> EXERCISE BRIEF: Look through the listing below and write out exactly the lines from the line with "1966 Chevrolet Chevelle" to the line with "Batman Dark Knight", both included, and no others.

> SOURCE MATERIAL:
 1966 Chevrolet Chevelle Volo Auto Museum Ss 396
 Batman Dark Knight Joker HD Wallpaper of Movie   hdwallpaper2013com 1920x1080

* * *

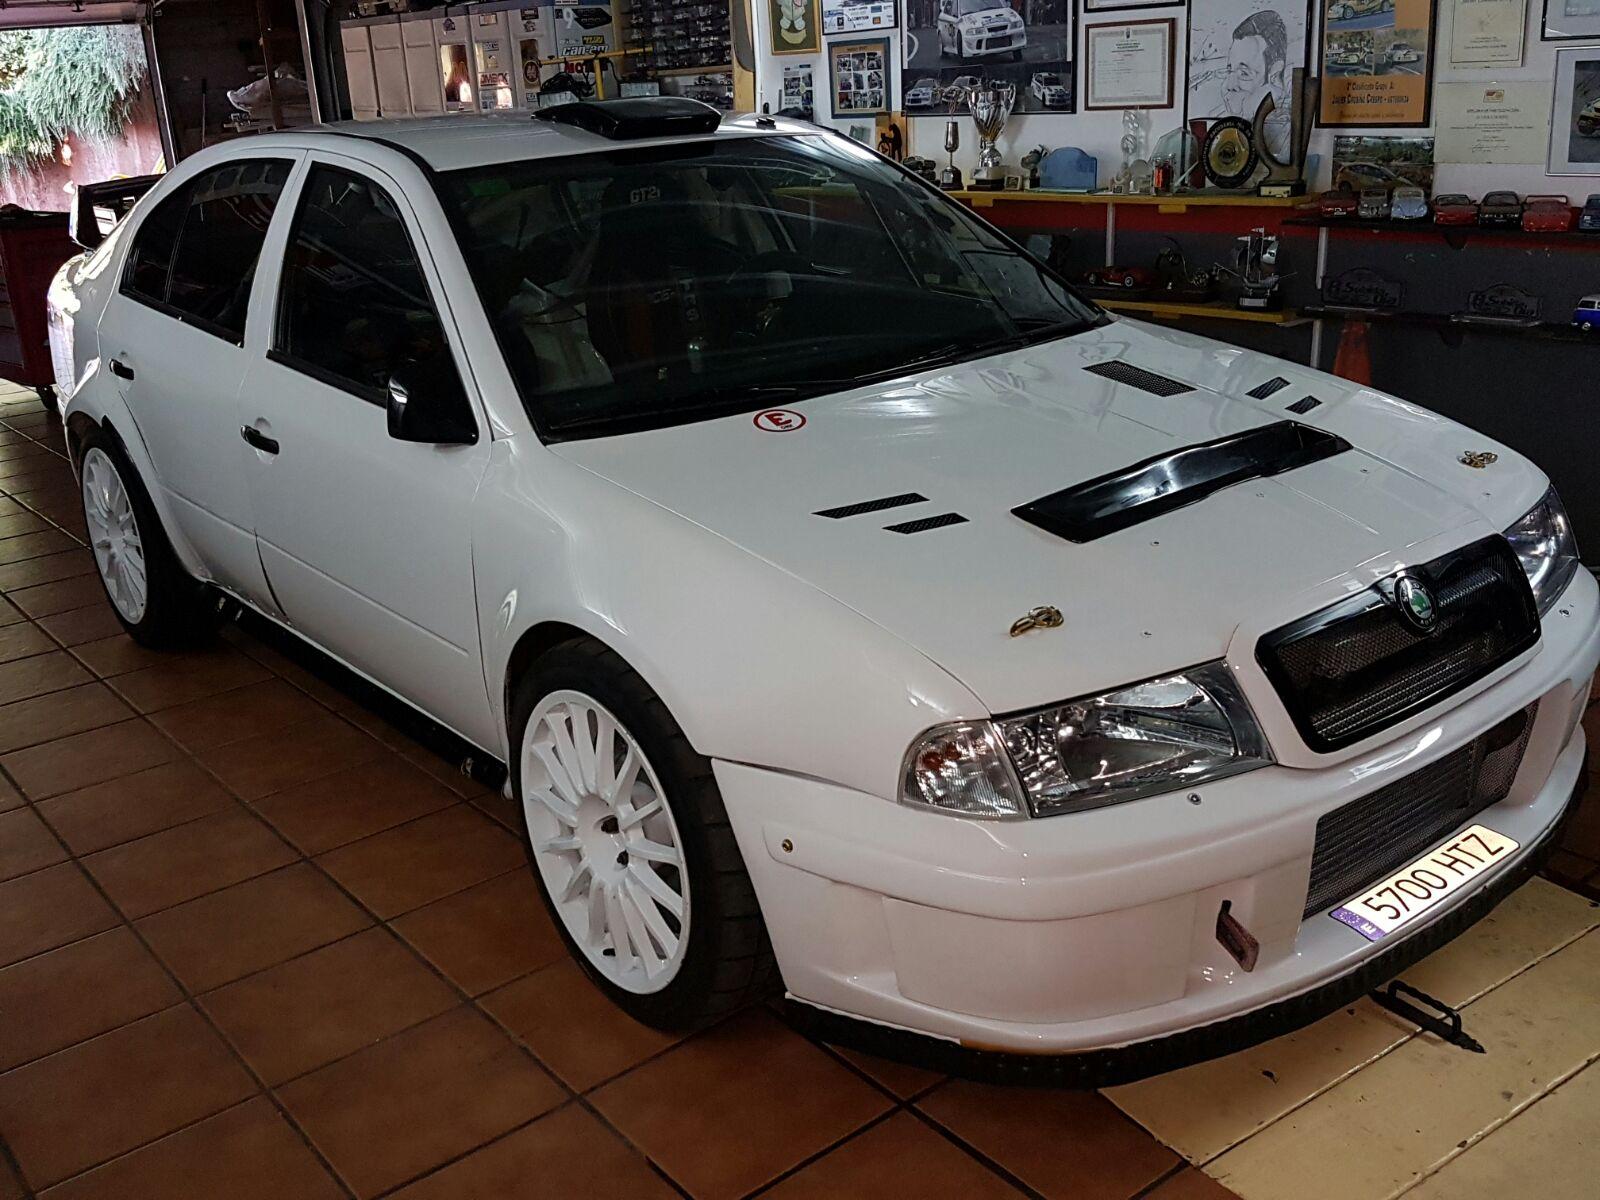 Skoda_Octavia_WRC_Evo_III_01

> ANSWER BOX:
 1966 Chevrolet Chevelle Volo Auto Museum Ss 396
 Batman Dark Knight Joker HD Wallpaper of Movie   hdwallpaper2013com 1920x1080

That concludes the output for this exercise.